Monday, 15 May 2017

WannaCry Mitigation plus Windows XP and Server 2003 Patch

By now most of the world has heard about the WannaCry malware put together from purported NSA exploit "tools".

The simplest thing to do is to disable or remove SMBv1 on our networks: How to enable and disable SMBv1, SMBv2, and SMBv3 in Windows and Windows Server (Microsoft Support).

Dealing with SMBv1

On Windows 7:

First, we need the following put into a text file:

sc.exe config lanmanworkstation depend= bowser/mrxsmb20/nsi
sc.exe config mrxsmb10 start= disabled
pause
shutdown -r -t 0 -f

image

In Notepad click File then Save As and name exactly as follows:

"Windows7 SMBv1 DISABLE.BAT"

image

NOTE: The quotes " are necessary

Right click on the resulting BATCH file and Run As Administrator:

image

An administrator's username and password will be required for this step. A local admin or domain account would work.

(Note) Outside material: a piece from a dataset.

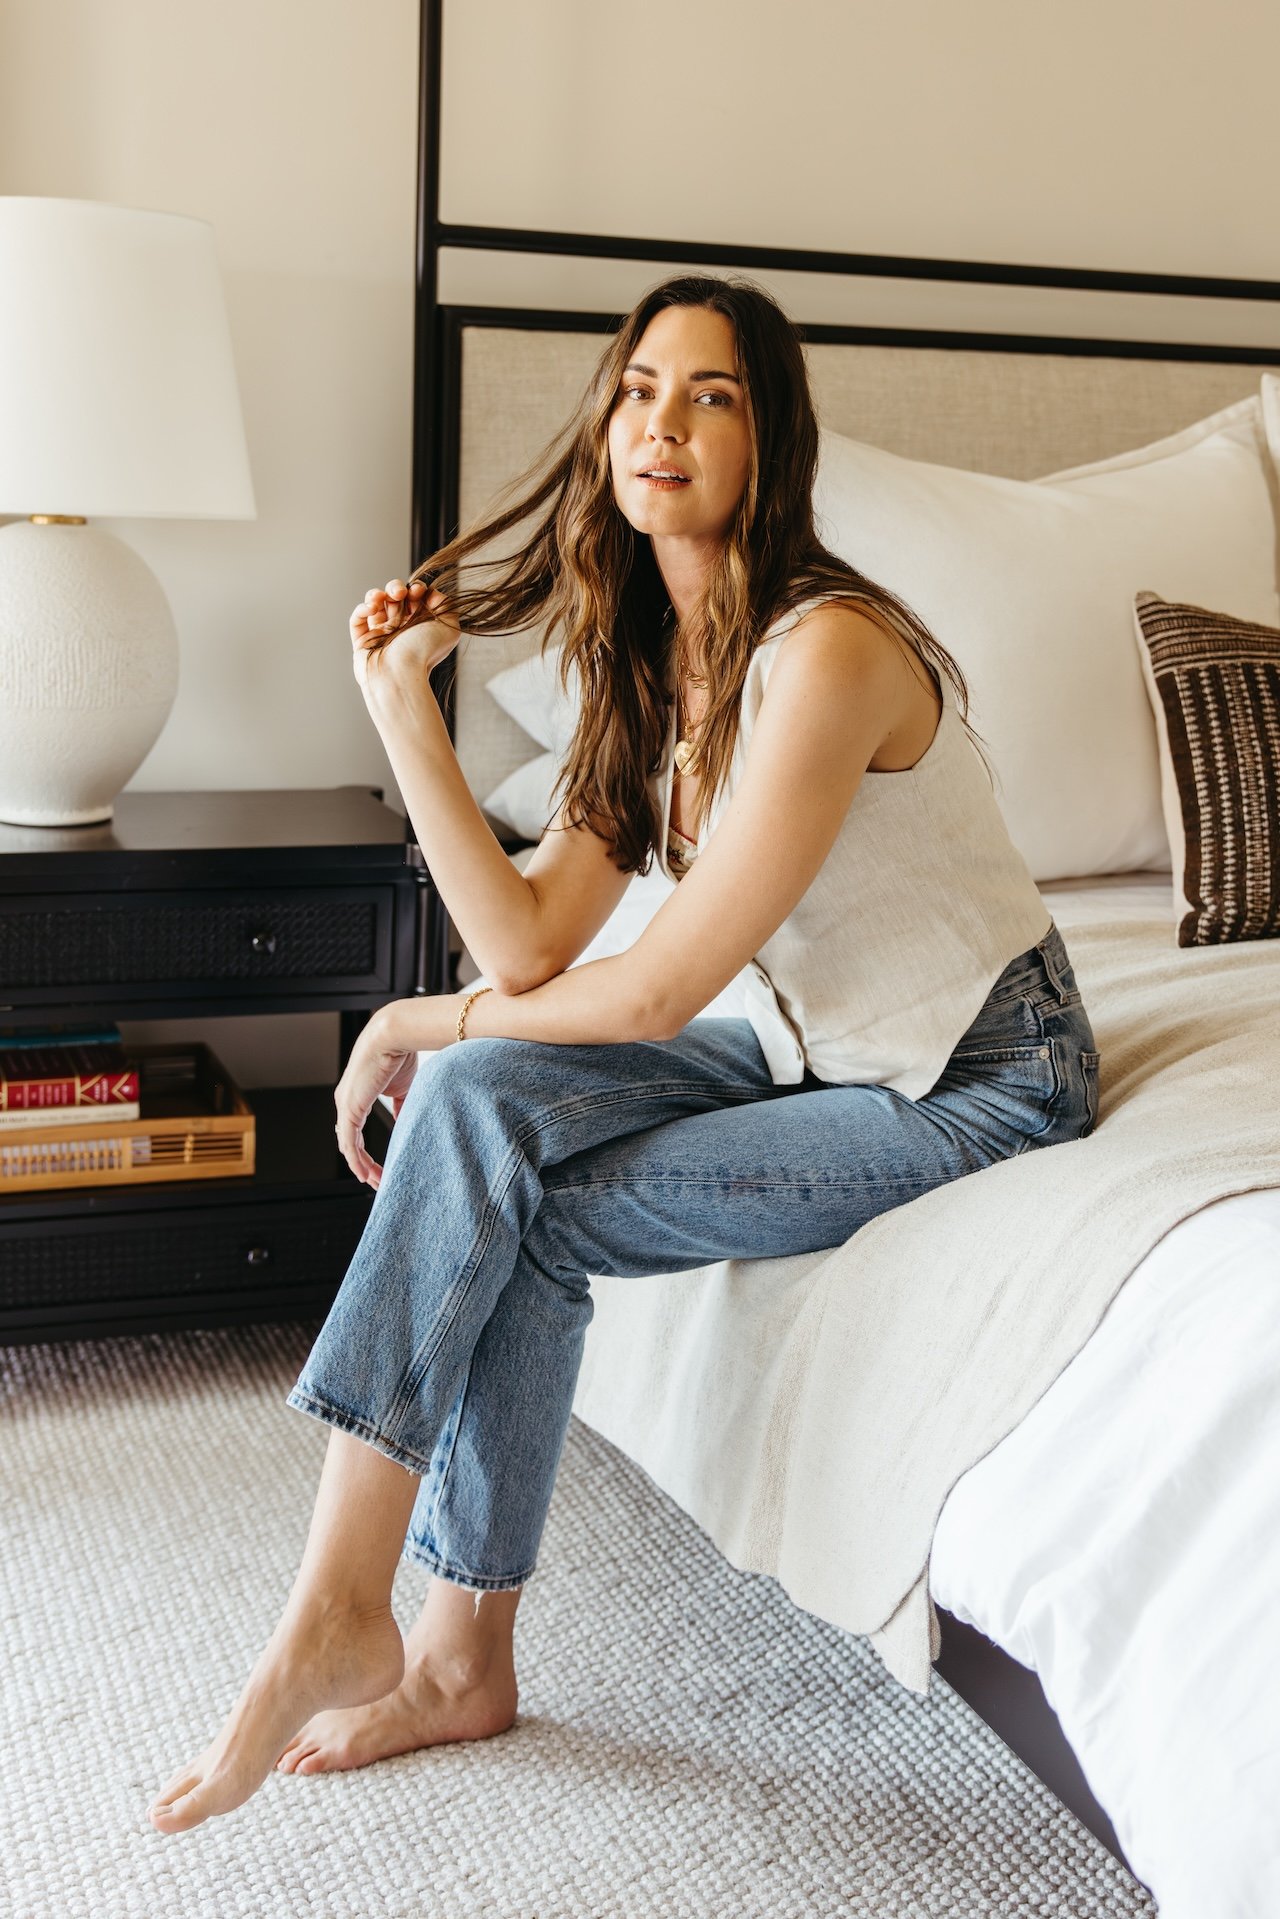 Odette Annable Starts Her Day With Small Moments of Happy—Here’s How This Mom of 2 and Actress Gets It Done

A status window will show:

image

NOTE: Windows 7 should show SUCCESS for both steps

As the message says, press any key to continue.

NOTE: The script automatically reboots the machine so make sure users save and close before running.

On Windows 10:

  1. Click Start and type PowerShell
  2. Right click on the result and Run as Administrator
  3. Remove-WindowsOptionalFeature –Online –FeatureName SMB1Protocol
    • You should see:
    •      image

That fully removes the problematic component in Windows.

Windows Server

Open an elevated PowerShell window:

Remove-WindowsFeature –Name FS-SMB1

image

Backup & Restore

For users that almost exclusively work from their computer over server or cloud based resources with no local backup it's important that they back up their machines daily! They should have at least three 2.5" USB3 fast disk drives in rotation.

We use ShadowProtect Desktop by StorageCraft to back up our client's endpoints.

A critical component in the backup regime is an air-gap. Just as it is for the entire organization's server infrastructure.

Windows XP and Server 2003

Get the Security Updates ASAP and install them!

The files may be able to be set up to be delivered via your favourite patching mechanism. Please check that out to get these patches out to as many systems as is possible.

Windows Firewall

One mitigation step would be to set up a Group Policy object that denies File & Print (445) Inbound from any system but necessary such as servers and/or domain controllers.

Malware Mitigation

As always, the best form of mitigation is a well trained user. Patch and train the human is the best methodology going.

A a small plug, our xD mail sanitation and continuity service flags and renders inert links that say one thing but point to another location. This has put link shortening services like Bit.Ly at a disadvantage but we're willing to pay that price to keep our users sage. Just ask us how!

Philip Elder
Microsoft High Availability MVP
MPECS Inc.
Co-Author: SBS 2008 Blueprint Book
Our Cloud Service

2 comments:

Nick Stango said...

copier SMB ports will need to be changed, This will break scanning
Ideas?

Philip Elder Cluster MVP said...

Yes, we've since discovered that older copiers run SMBv1 for their scan-to-folder setups. If possible, disable SMBv1 in the copier's console.

If not, make sure all systems are up to date as Microsoft released the SMBv1 patches a few months ago.